The program is solid. Since that first home sale, which was financed with FHA-insured funds, I have continued to work with the program and saw first-hand the difference it has made in the lives of many home buyers. I also had a first-hand view of the changes made to the program over the years and how it has withstood the test of time. The FHA-insured mortgage has survived a couple of stock market crashes, the emergence of PMI, which was supposed to replace it, and the flawed “Sub-Prime” mortgage vehicle which could not outlast it, and the program is still going strong.

The FHA mortgage program continues to meet the needs of home-buying and refinancing families, while demonstrating – with a timely introduction of the unique HECM reverse mortgage for seniors – why so many home buyers continue to trust and rely on it for their mortgage financing needs.
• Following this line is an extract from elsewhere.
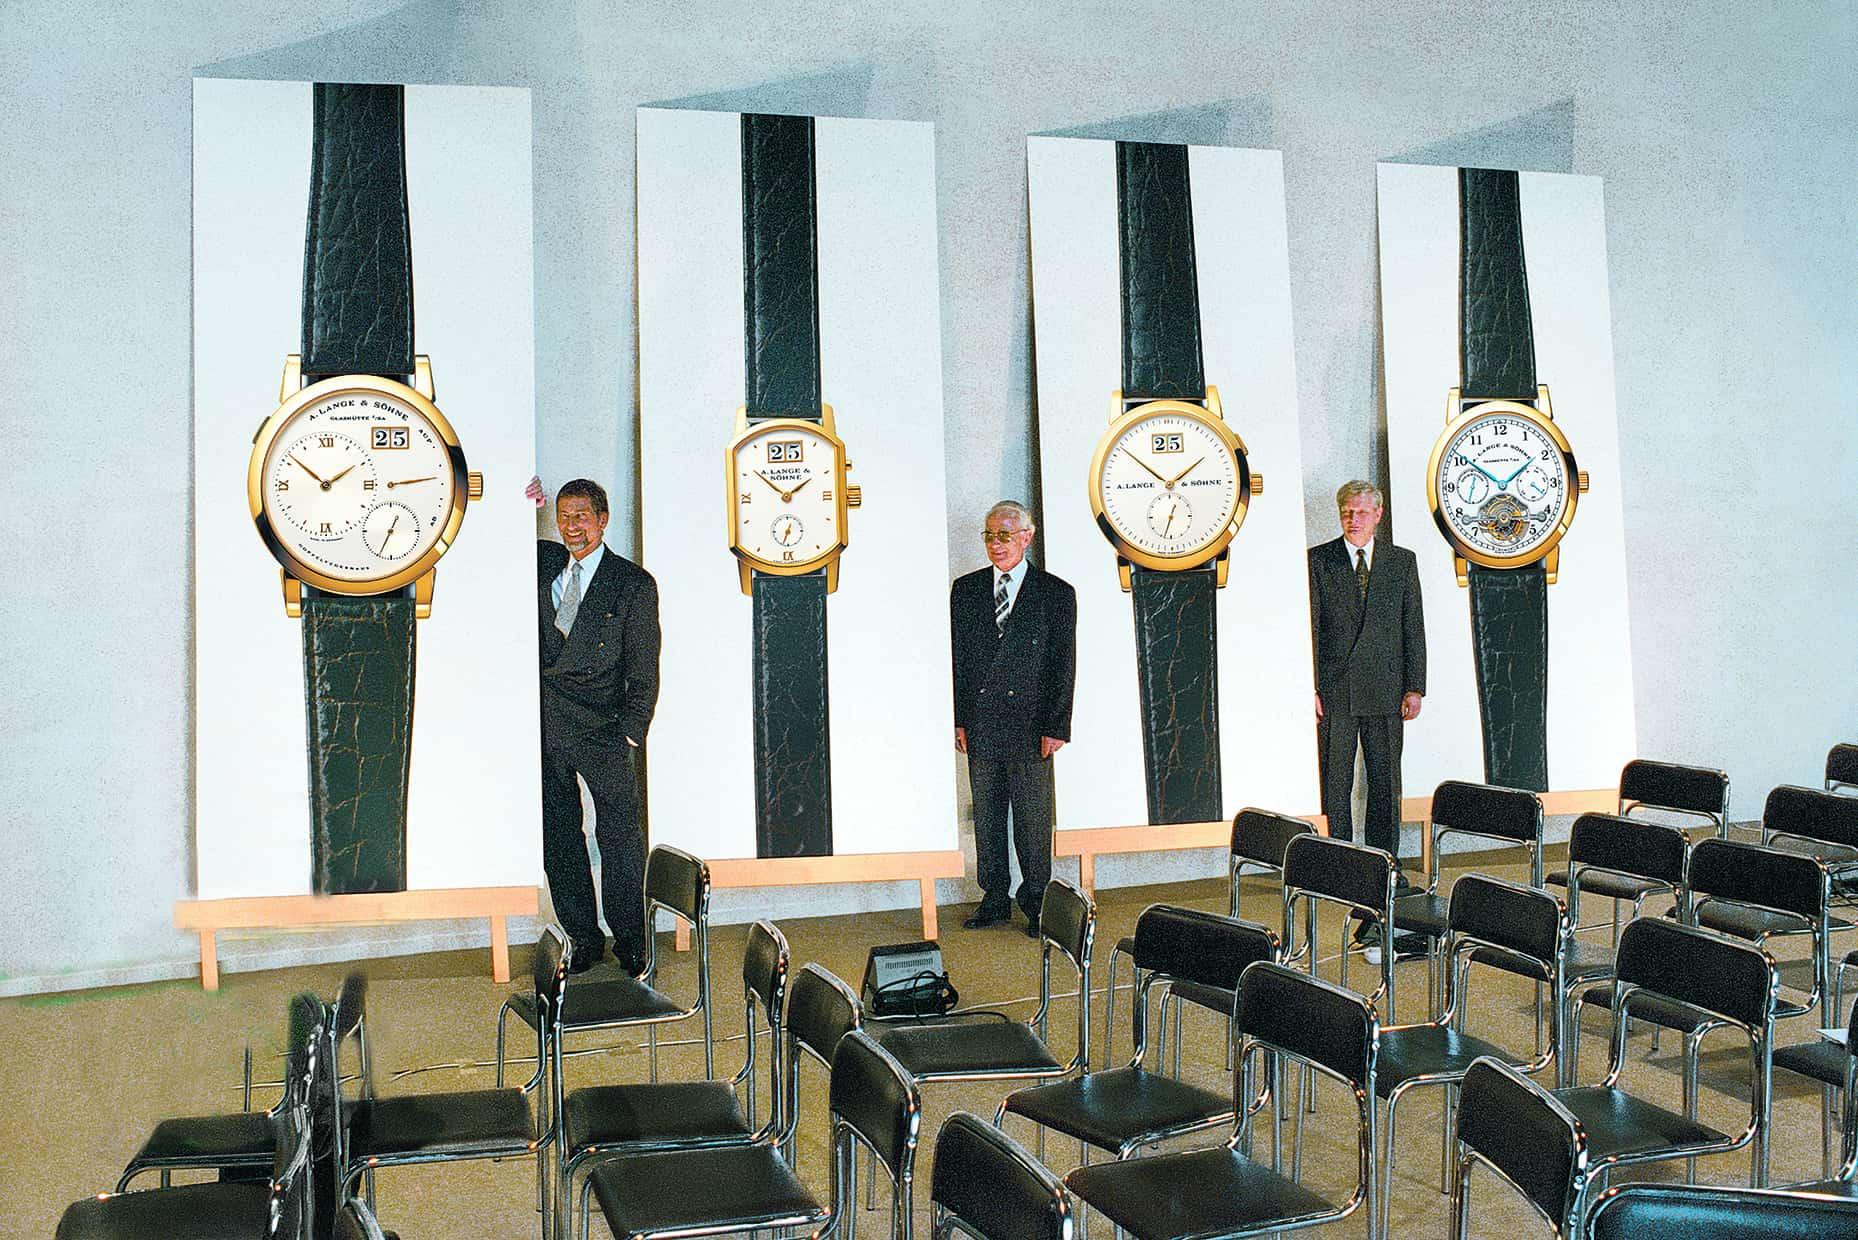 Am 24. Oktober 1994 präsentieren Günter Blümlein, Walter Lange und Hartmut Knothe die erste Neuzeit-Kollektion von A. Lange & Söhne

Meeting housing needs in times of crises and uncertainty is nothing new for the FHA though, because when it was created over seven decades ago, the housing industry was “flat on its back” according to language posted on HUD’s web pagepage.

In retrospect

Following are some of the conditions which existed during FHA’s early years:
Two million construction workers had lost their jobs; Mortgage terms were difficult to meet for would-be home buyers; LTV requirements were 50% on five year “Interest Only Balloon” mortgages which were basically the only loans available at that time; Only four out of ten households owned homes and everybody else had to rent. America was surely a nation of renters, but due to a practical and common-sense approach to mortgage financing, the FHA was adequate to the task of meeting the needs of the nation’s home buying communities and it is still going as strong as ever.